No one wants to give up their favorite activities just because the temps start to creep higher and higher. Just walking outside in the summer to catch the T or going to the local grocers can cause one to sweat. Drinking caffeine (who doesn’t love their Dunkin’ Iced Coffee) or alcohol can also contribute significantly to dehydration especially in the summer. Add in an active yoga class or any other exercise and your body sweats more and loses very critical electrolytes.

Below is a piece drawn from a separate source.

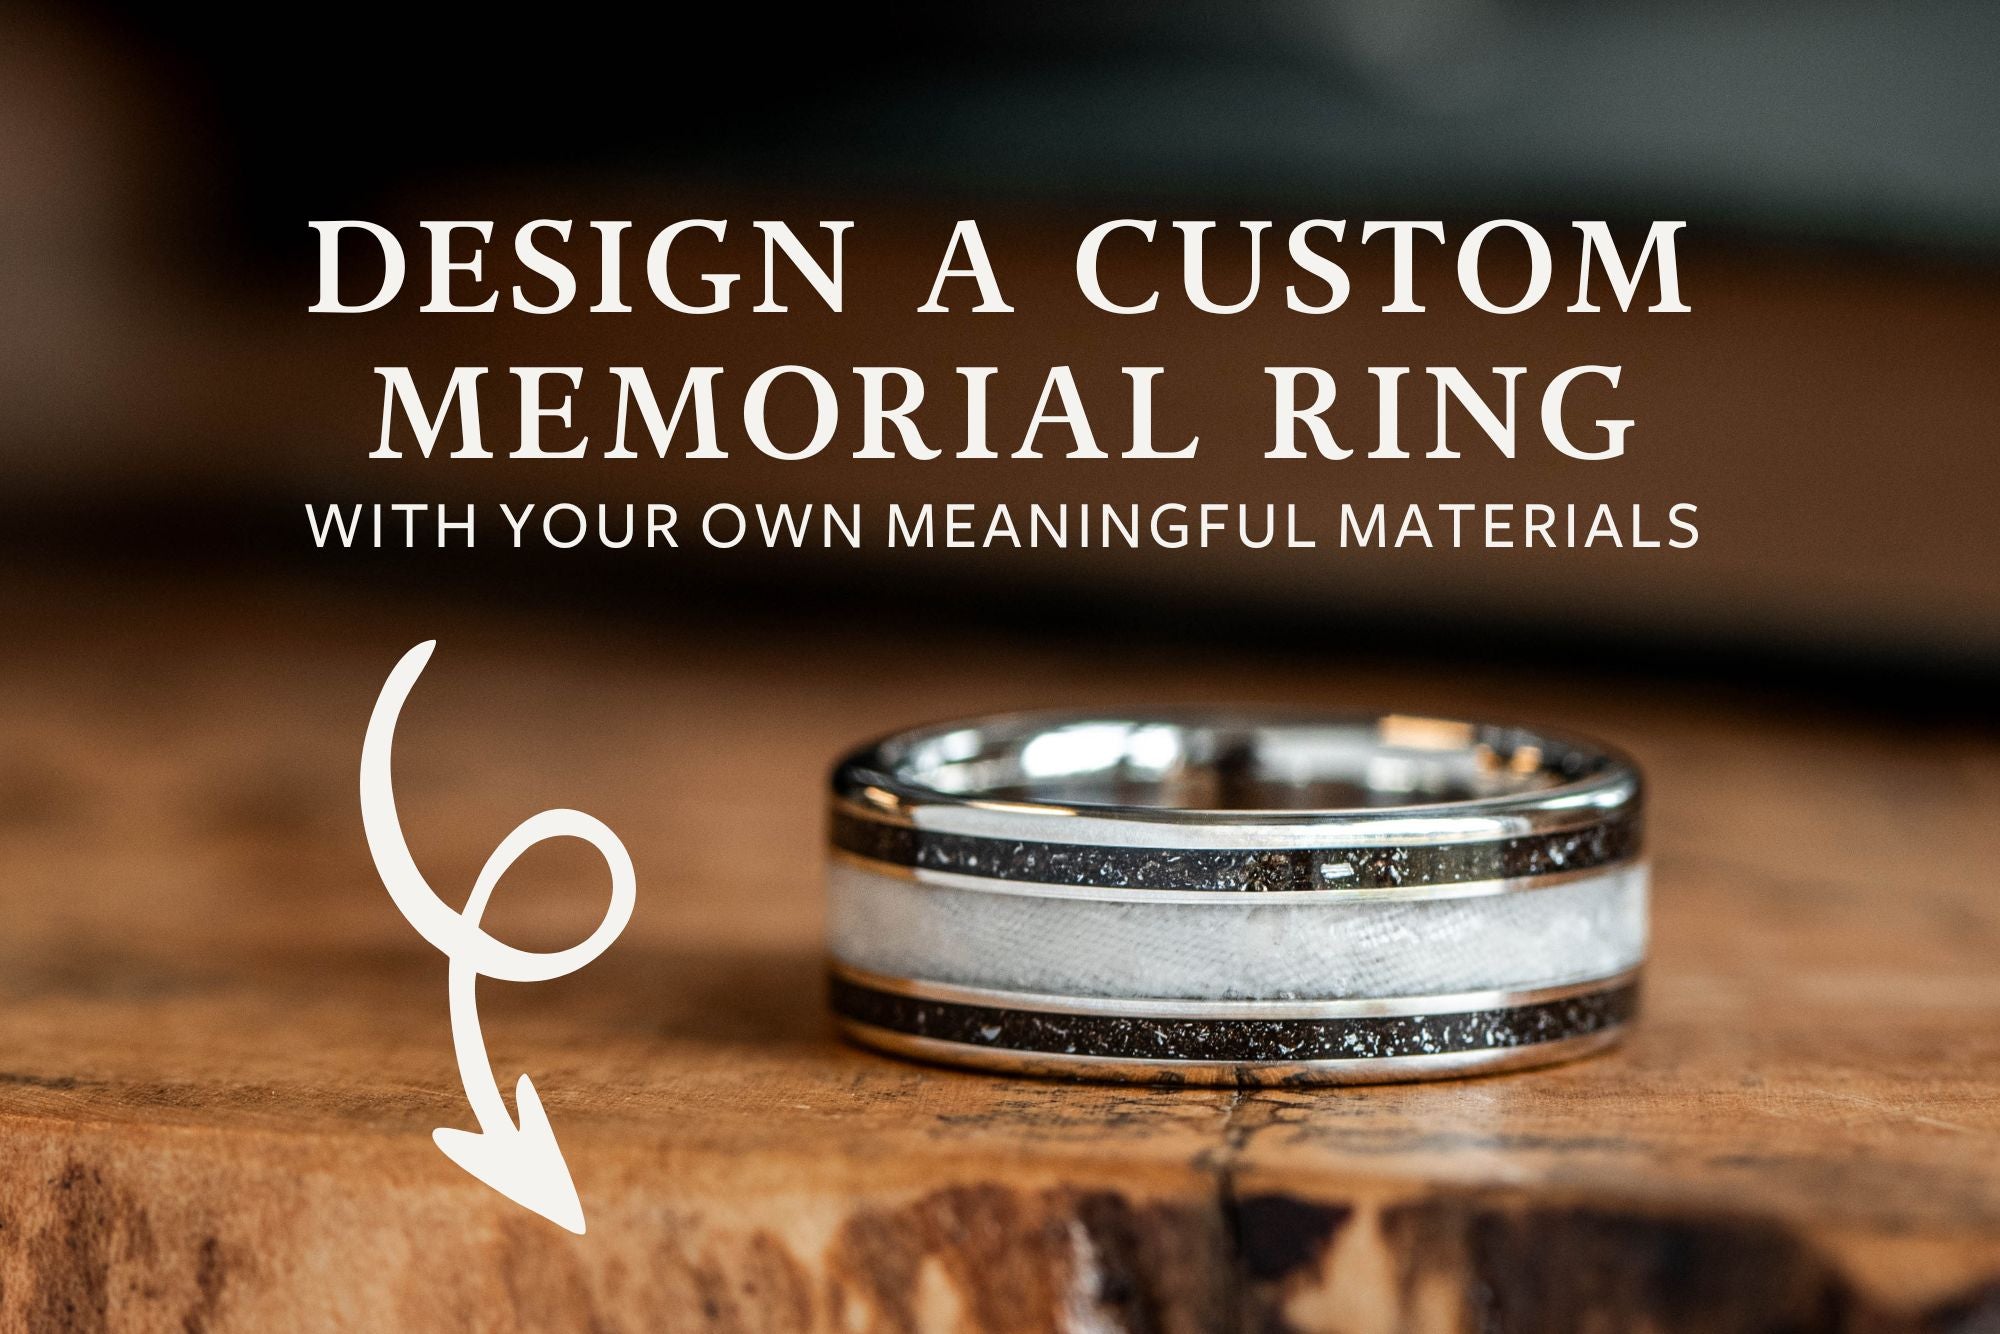 12-ways-to-memorialize-a-loved-one-design-a-custom-memorial-ring-with-your-own-meaningful-materials-rustic-and-main
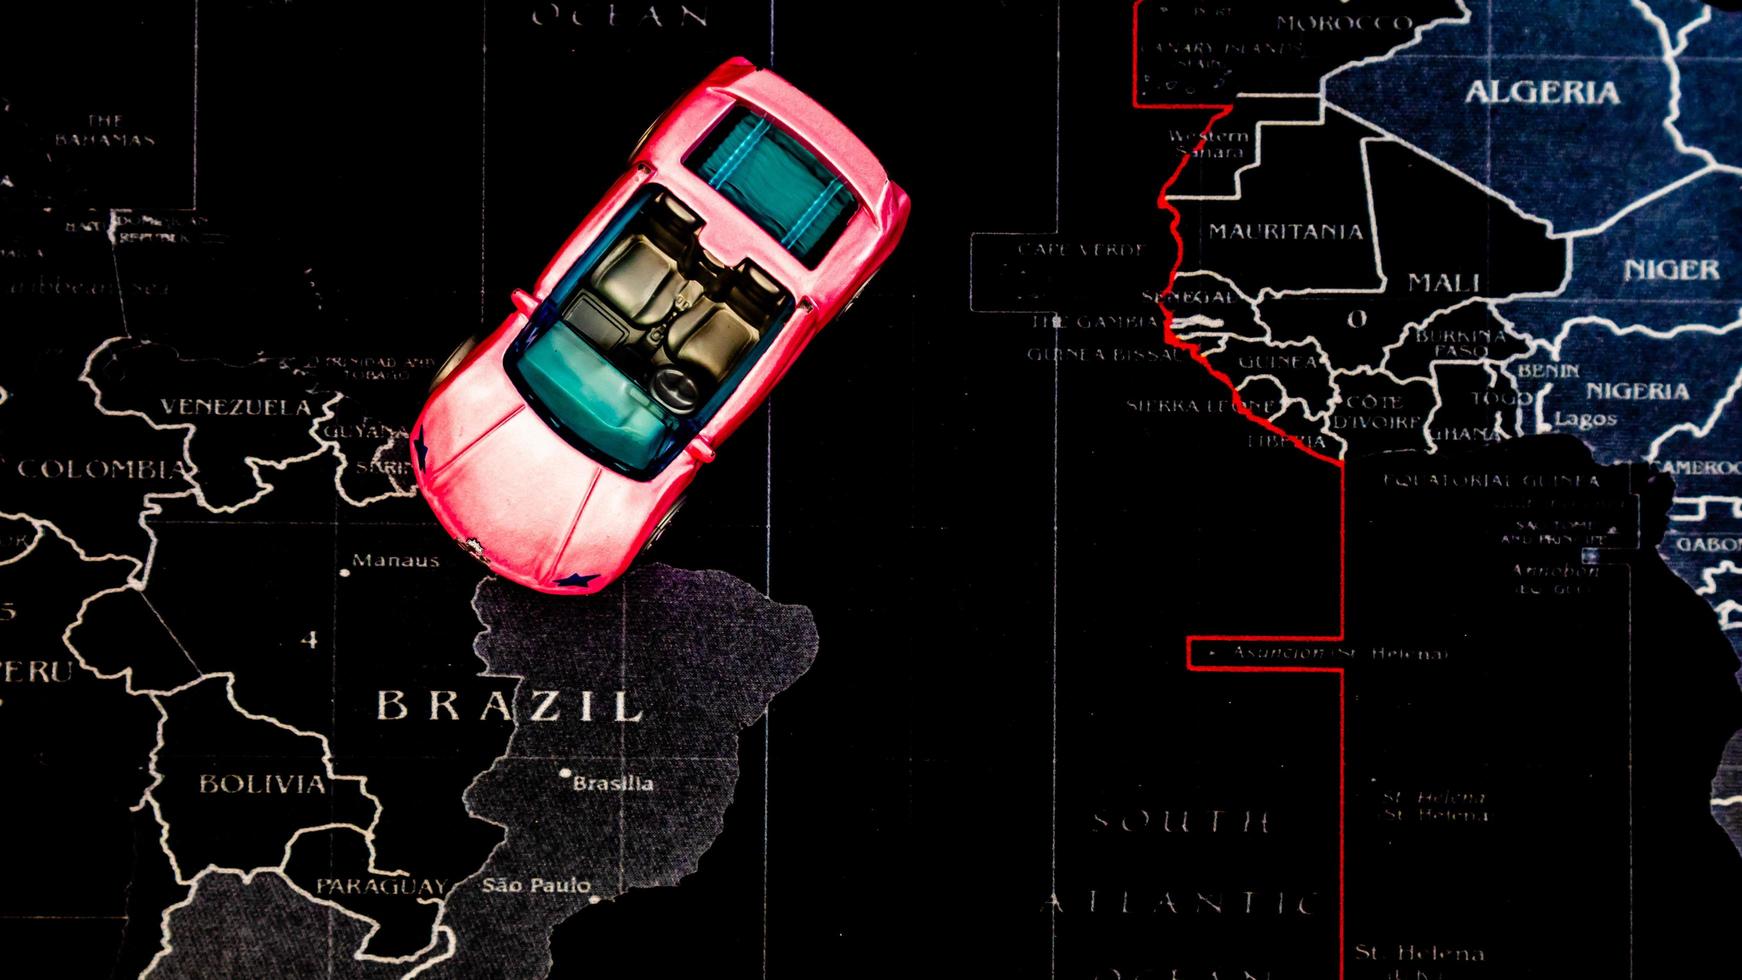 Minahasa, Indonesia  December 2022, pink toy car over map photo

So what is one to do? Stop the yoga? Of course not! It’s time to learn the simple ways you can stay hydrated this summer! Drinking water during the activity is not the only time to remember to hydrate. For proper hydration one should be properly hydrating pre, during and post activity. Some signals of dehydration include: tiredness, headaches, nausea, lack of sweat, disorientation, and hunger. Interesting to note the brain doesn’t provide a strong signal for thirst. The signal for hunger is much stronger. This means by the time you may actually feel thirsty you are already on your way to being dehydrated.
So let’s start with the base amount of water one should be drinking to maintain proper hydration without increased activity or heat. A great rule is to take your body weight and divide it by half and then drink that many ounces of water. For example, if you weigh 150 pounds you should be striving for 75 oz. of water, a little more than 9 cups or a little more than ½ a gallon per day. Now if you are active and perspiring you need to increase the amount of liquids and more importantly replenish lost electrolytes.
It’s important to remember water alone may not do it. When you are losing lots of water through perspiration and urination, you lose electrolytes faster than you may realize.
Here are some great ways to replenish lost electrolytes:
- Drink liquids with electrolytes.
- Coconut water (no sugar or artificial sweeteners added) is also a terrific way to support proper hydration.
- Eat foods with high water contents, most fruits and vegetables. Here are some great ones that provide key minerals (electrolytes): watermelon, cantaloupe, strawberries, lettuces, cucumbers, carrots, cabbage, avocados, grapes, celery, and bananas.
- Adding extra sea salt to your food.
- A 100% juice frozen popsicles can be a fun treat and a cool way to replenish.
- Decrease caffeine and alcohol intake.
Consider adding natural, freshly made vegetable juices that offer high levels of nutrients.